Postcolonial Analysis of Love Medicine

After reading Louise Erdrich’s Love Medicine, it is apparent that the story depicted in the

novel is one where the lasting effects and remnants of white oppression and dominance over

Native Americans and Native American culture are felt in almost every single aspect of life. The

novel shows these instruments of oppression largely through Catholicism and boarding schools.

At the same time, the novel does endorse a hybrid version of the Ojibwa identity, where the

characters of Lulu and Marie both embrace certain aspects of their Ojibwa culture while also

forgoing other aspects of that culture in favor of some assimilation into white culture.

The story “St. Marie” is one part of the novel where Catholicism is clearly identified as

an instrument of white oppression over Native Americans. Marie Lazarre wants nothing more

than to become a Catholic nun and join the convent nearby her home, which is located on a hill

high above Marie’s home. This is obviously purposeful, as the convent represents the societal

high ground that both whites and the Church sat on above the Ojibwa people. Marie is deeply

religious, and extremely disciplined in the way she practices. She knows she has Indian blood,

but she doesn’t have as much as many of the other children, and she believes that this will aid her

in her quest to become a nun. On page 43, Marie’s philosophy as a fourteen year old is outlined:
“No reservation girl had ever prayed so hard. There was no use in trying to

ignore me any longer. I was going up there on the hill with the black robe

women. They were not any lighter than me. I was going up there to pray as

good as they could. Because I don’t have that much Indian blood. And they

never thought they’d have a girl from this reservation as a saint they’d have to

kneel to. But they’d have me. And I’d be carved in pure gold. With ruby lips.

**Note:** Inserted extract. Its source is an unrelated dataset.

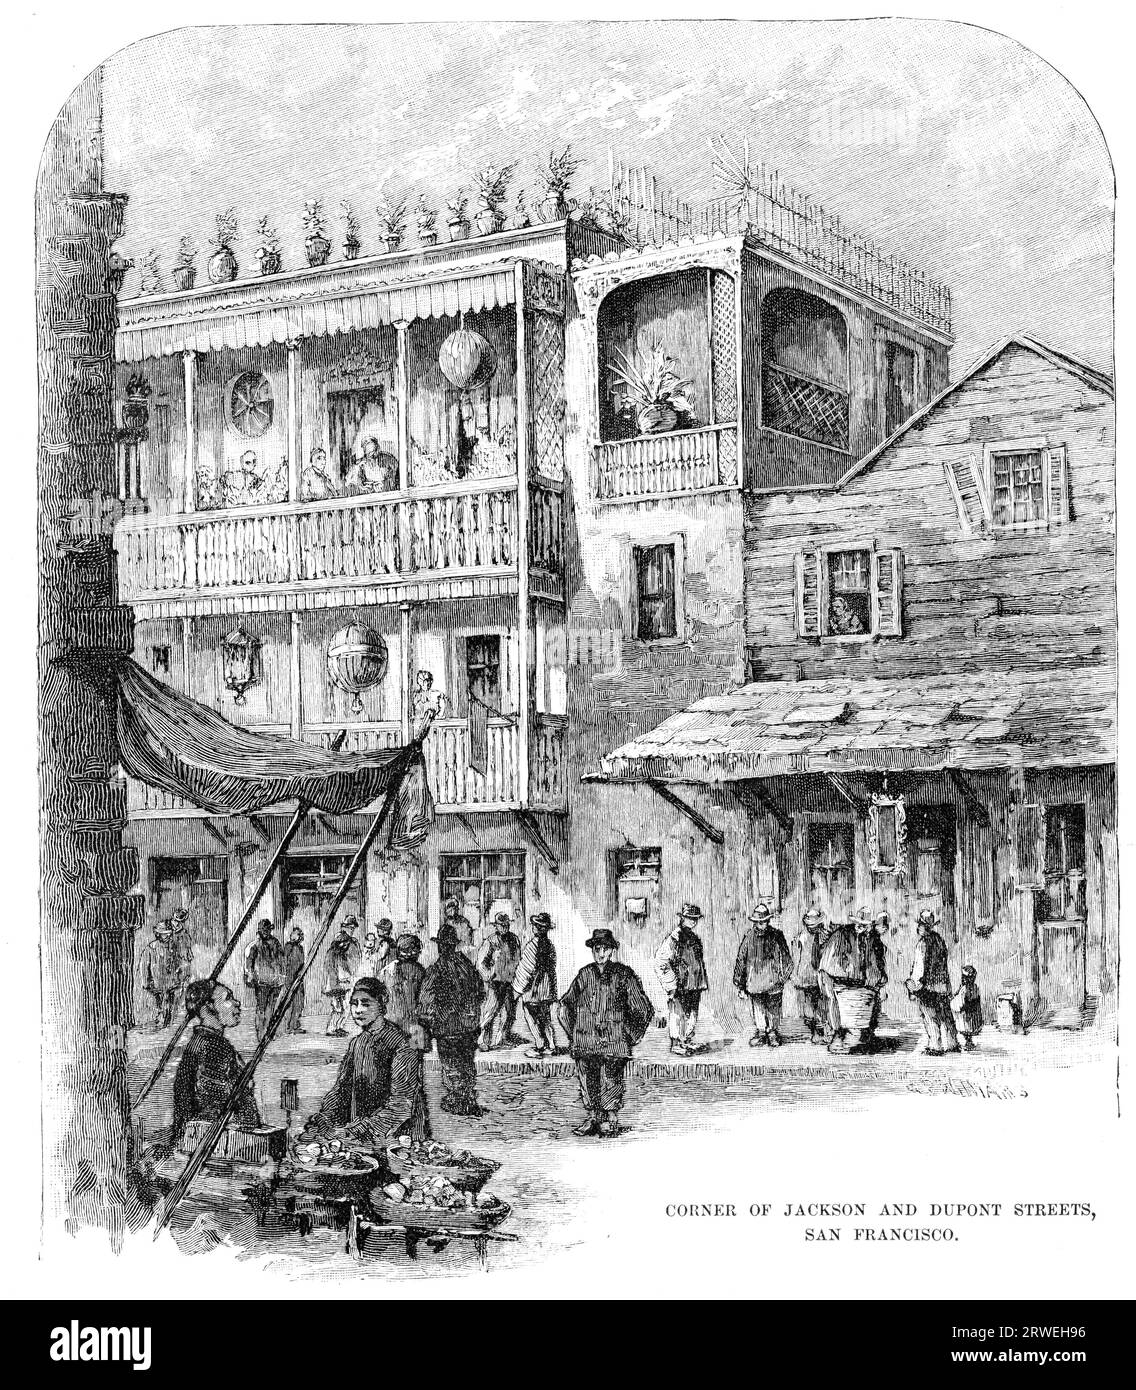 Ecke Jackson Street und DuPont Street, San Francisco, USA. Ursprünglich erschien die Ausgabe des Harpers New Monthly Magazine im Mai 1883 Stockfoto

And my toenails would be little pink ocean shells, which they would have to

stoop down off their high horse to kiss.”

Perhaps the most striking thing about that passage is the clarity with which Marie seems to

understand that her Indian blood is a problem, at least within the eyes of the white nuns. She

knows she’s already behind for reasons she cannot control. Also, the line that reads “which they

would have to stoop down off their high horse to kiss” just continues the trend already set by

Erdrich where the white nuns are elevated above the Ojibwa people to where they have to go

down in order to interact with them. However, the clearest instrument of oppression in this story

is obviously Sister Leopolda. Marie desperately wants to be accepted by Leopolda, but Leopolda

believes Marie to be inferior because of her Indian blood. It is also quickly revealed that this

convent is a convent where the nuns that are sent there are sent there because they have

misbehaved or been deemed unfit to serve in other convents. It is yet another example of white

oppression of the Ojibwa that the only nuns sent to serve the Ojibwa people are those that the

Church doesn’t want serving anywhere else.

Leopolda constantly reminds Marie that she has the devil inside of her, which is a thinly

veiled reference to her Indian blood. She convinces Marie that she can only be fully accepted
into the convent if the devil is fully driven out of her. The extent of the psychological torment

inflicted upon Marie by Leopolda is evident on page 53, where Erdrich writes:

Any sensible fool would have run back down the hill the minute Leopolda let

them up from under her heel. But I was snared in her black intelligence by then.

I could not think straight. I had prayed so hard I think I broke a cog in my mind.

I prayed while her foot squeezed my throat. While my skin burst. I prayed even

when I heard the wind come through, shrieking in the busted bird nests. I didn’t

stop when pure light fell, turning slowly behind my eyelids. God’s face. Even

that did not disrupt my continued praise. Words came. Words came from

nowhere and flooded my mind.”

Leopolda is essentially attempting to remove Marie’s Ojibwa heritage. This is a recurring theme

in the novel, where the white oppressor attempts to drive the Native American culture from he or

she who is being oppressed.

Marie is eventually able to recover much of the elements of her Ojibwa culture that was

taken from her throughout several points in the novel, but one of the most clear is in “Beads”,

where Erdrich added a second part to the story in a later revision of the novel. Marie is able to

forge a relationship with Margaret Kashpaw, or Rushes Bear, as she is referred to in this story.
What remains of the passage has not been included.